These seller incentives come in different varieties; reduction of
selling price, below market interest rate financing (rate buydown;
temporary or permanent), closing and escrow payment, agreement to fund
future mortgage payments and many others.
All this being said, this type of collusion (between the builder and
lender) in the wrong hands, can lead to excess. To ensure that the
in-house lender isn't excessively "padding" the interest rates, you
should comparison shop. If it is proven that the in-house lender is
offering a higher then current market note rate, you will need to do a
total cost analysis to determine which option is more financially and
mathametically sound. The math will tell you if it was structured in
the vain of "short term gain for long term pain" or with a "fair and
balanced" hand.
I will give you a simple example to illustrate my point.

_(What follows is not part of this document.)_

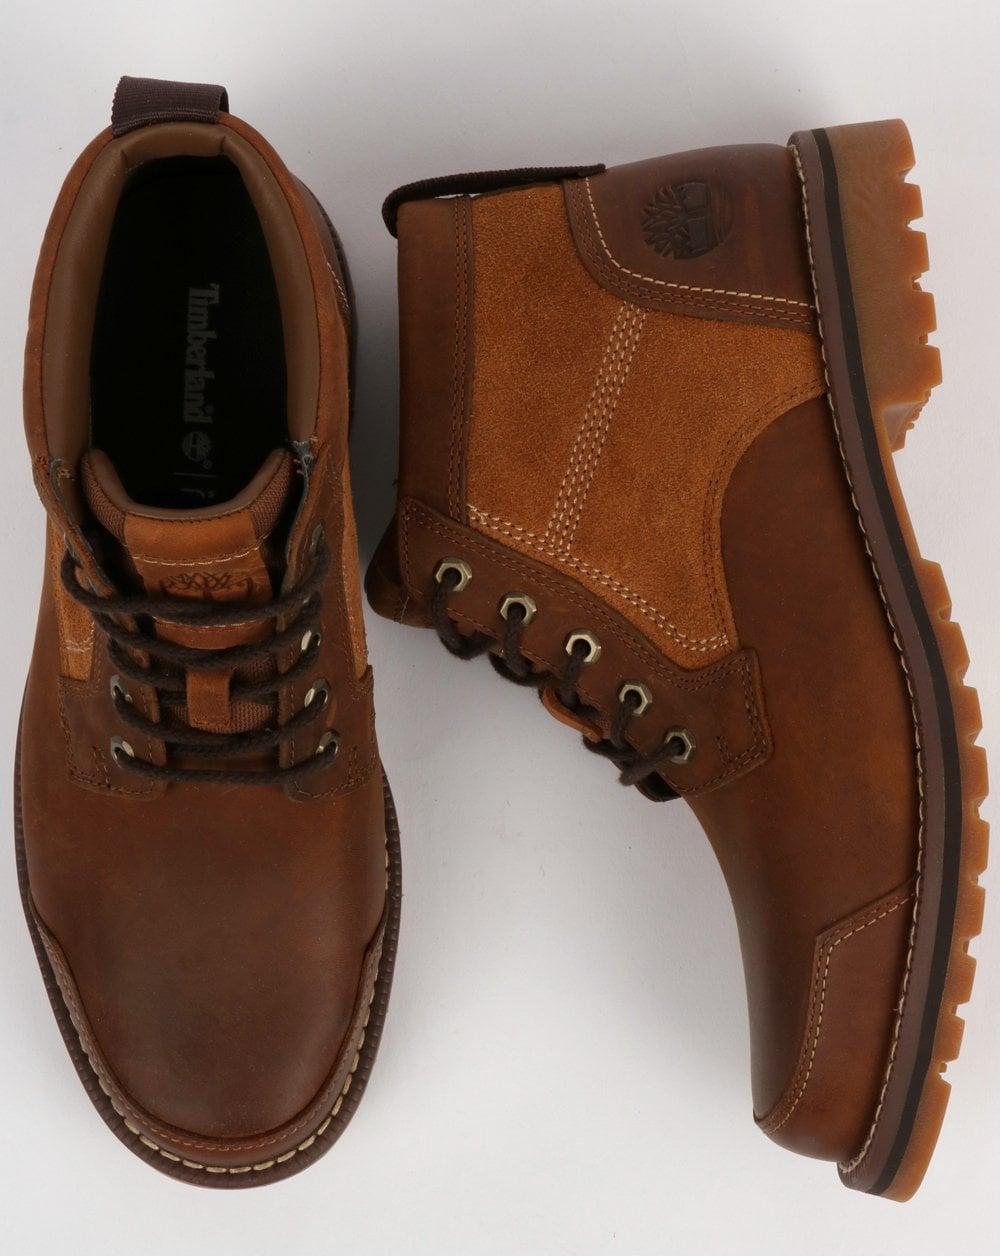 Timberland Larchmont Chukka Boots Oakwood

What is the
better deal; purchase a a home worth 100K for 100K at 6.5% offered by
your local bank or purchase a home worth 100K for 90K at 7.5% offered
by the builder's in-house lender? This is how they stack up:
Purchase for 90K @ 7.5% yields a principal and interest payment of
629.00 per month. After 30 years of fixed payments on the original 90K
in principal, you would have paid 226,546 in total payments and 136,546
in mortgage interest.
Purchase for 100K @ 6.5% yields a principal and interest payment of
632.00 per month. After 30 years of fixed payments on the original
100K in principal, you would have paid 227,544 in total payments and
127,544 in mortgage interest. This approach yields a 9,001 net savings
over the life of the loan.
This is just a simple example of how a lower purchase price with lower
monthly payments actually costs you more in the end.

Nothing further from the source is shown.